* _What the task requires_
Please return the listing below word for word, minus its pictures.

* _Given material_
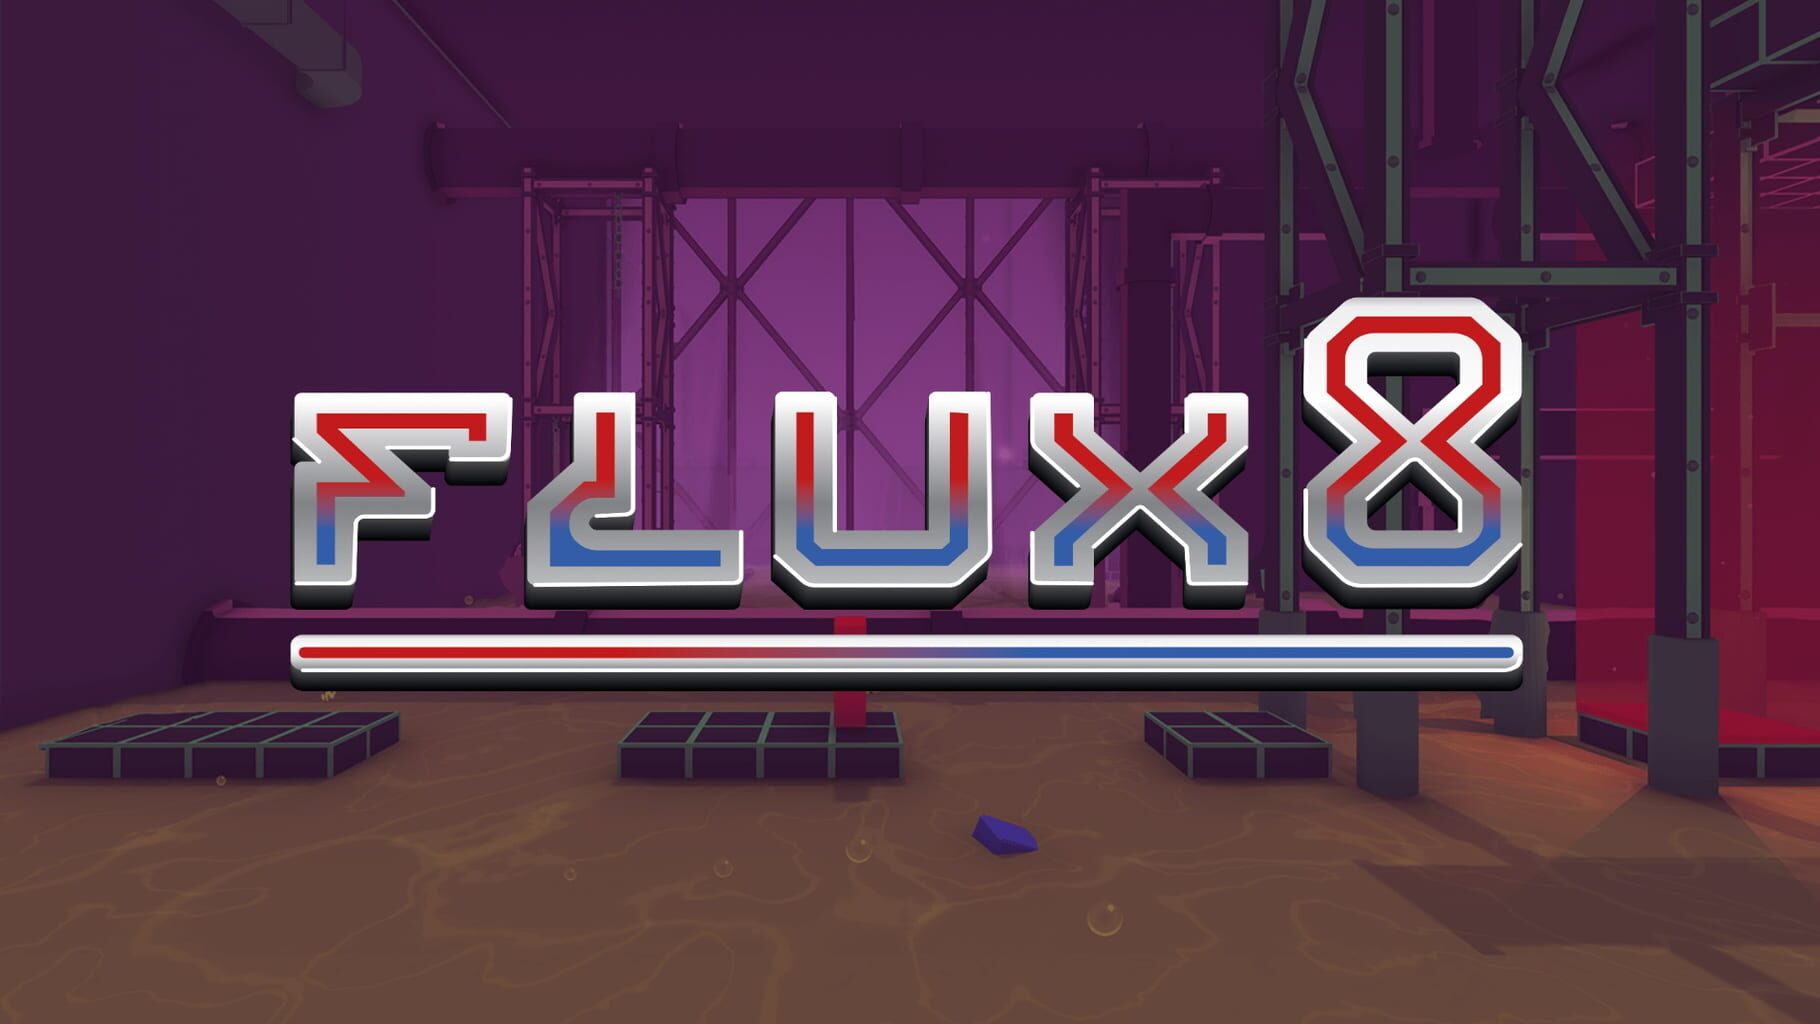 Flux8 artwork
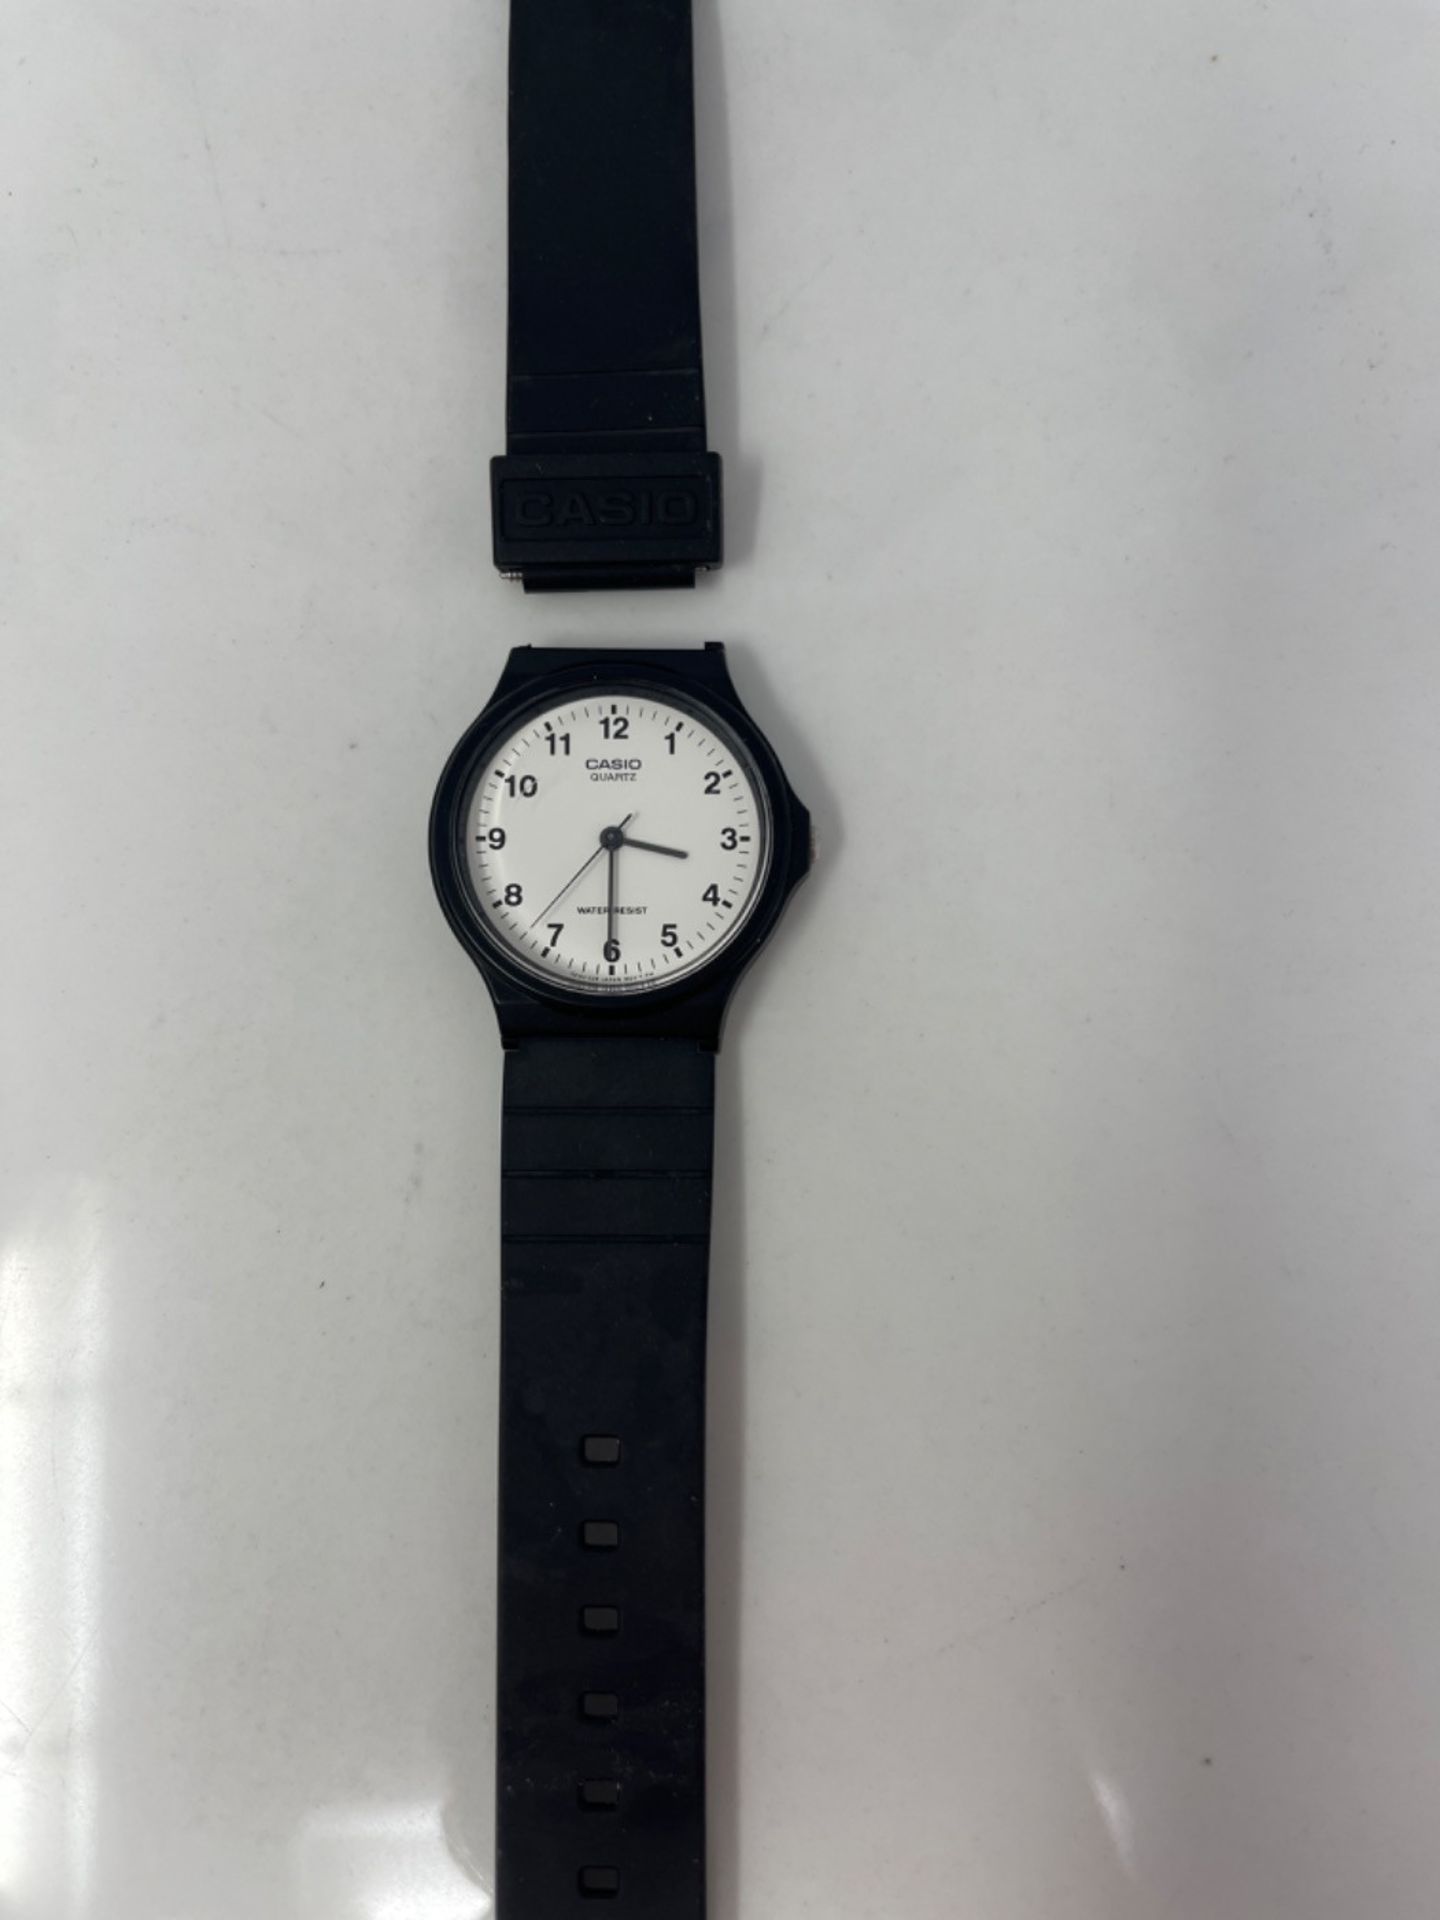 Casio Men's Quartz Analog Watch with Plastic Strap MQ-24-7BLLEG, Black, Strip - Image 2 of 2
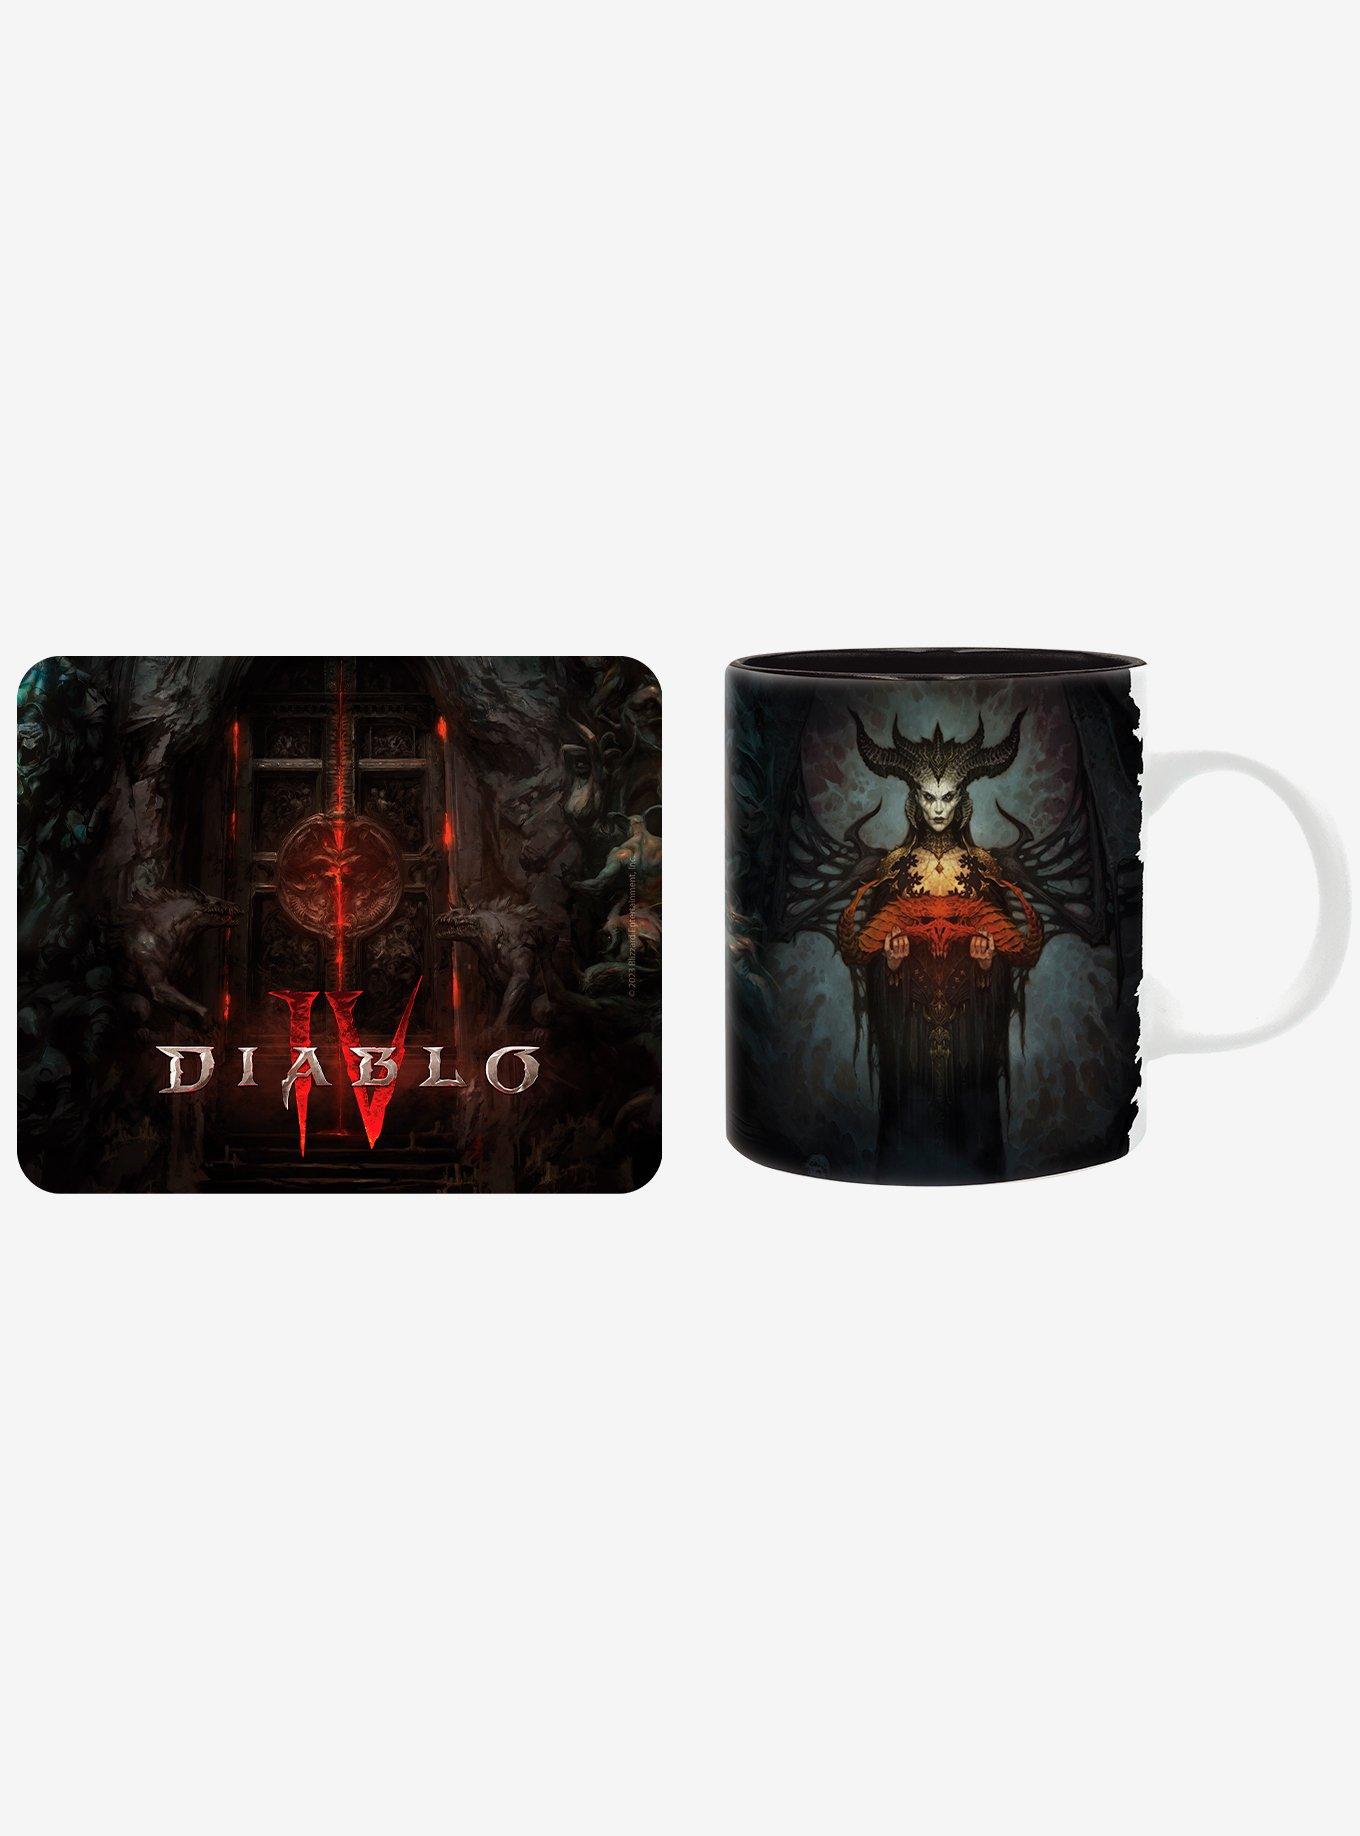 Diablo Mousepad and Mug Bundle
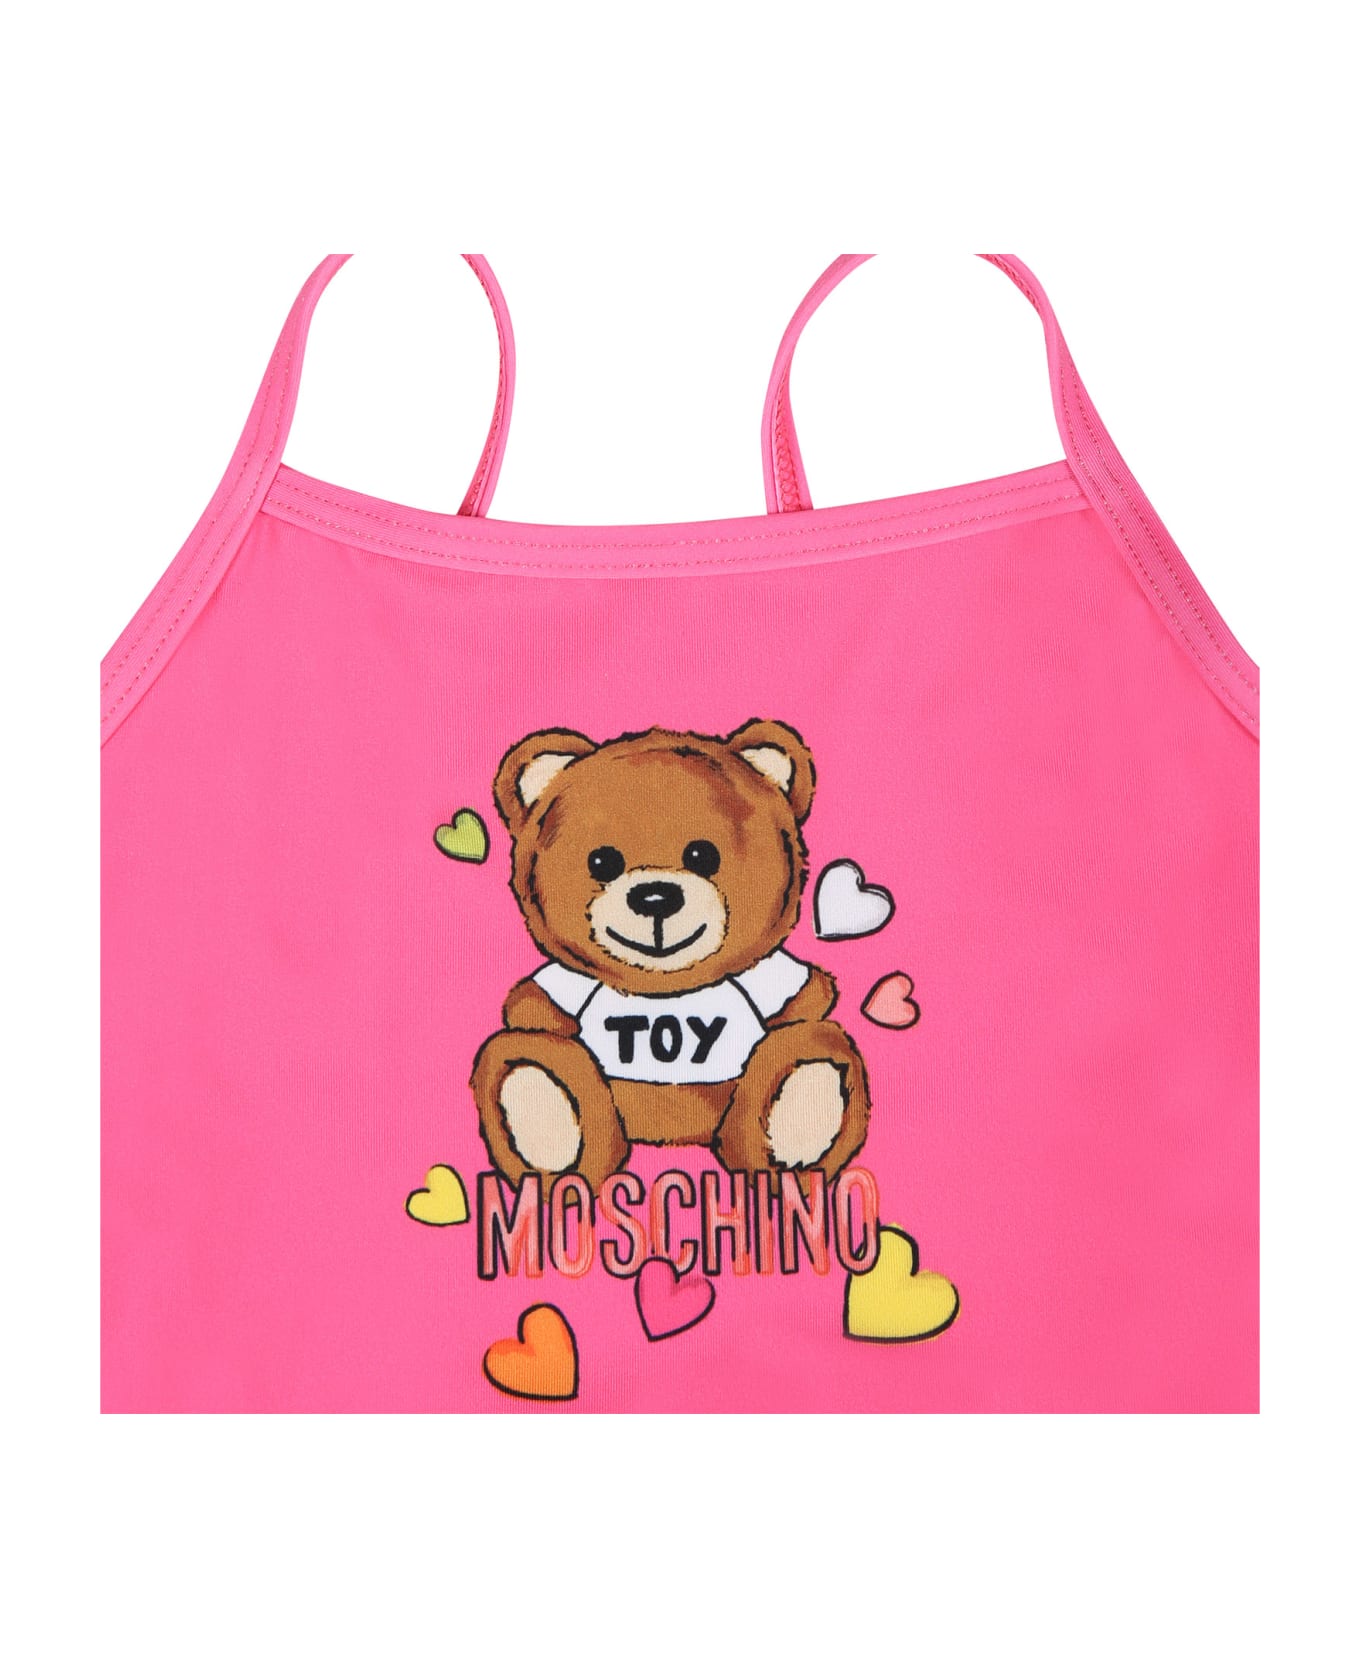 Moschino Fuchsia Swimsuit For Baby Girl With Teddy Bear And Logo - Fuchsia

* _Problem solution_
 Flux8 artwork
 Casio Men's Quartz Analog Watch with Plastic Strap MQ-24-7BLLEG, Black, Strip - Image 2 of 2
 Diablo Mousepad and Mug Bundle
 Moschino Fuchsia Swimsuit For Baby Girl With Teddy Bear And Logo - Fuchsia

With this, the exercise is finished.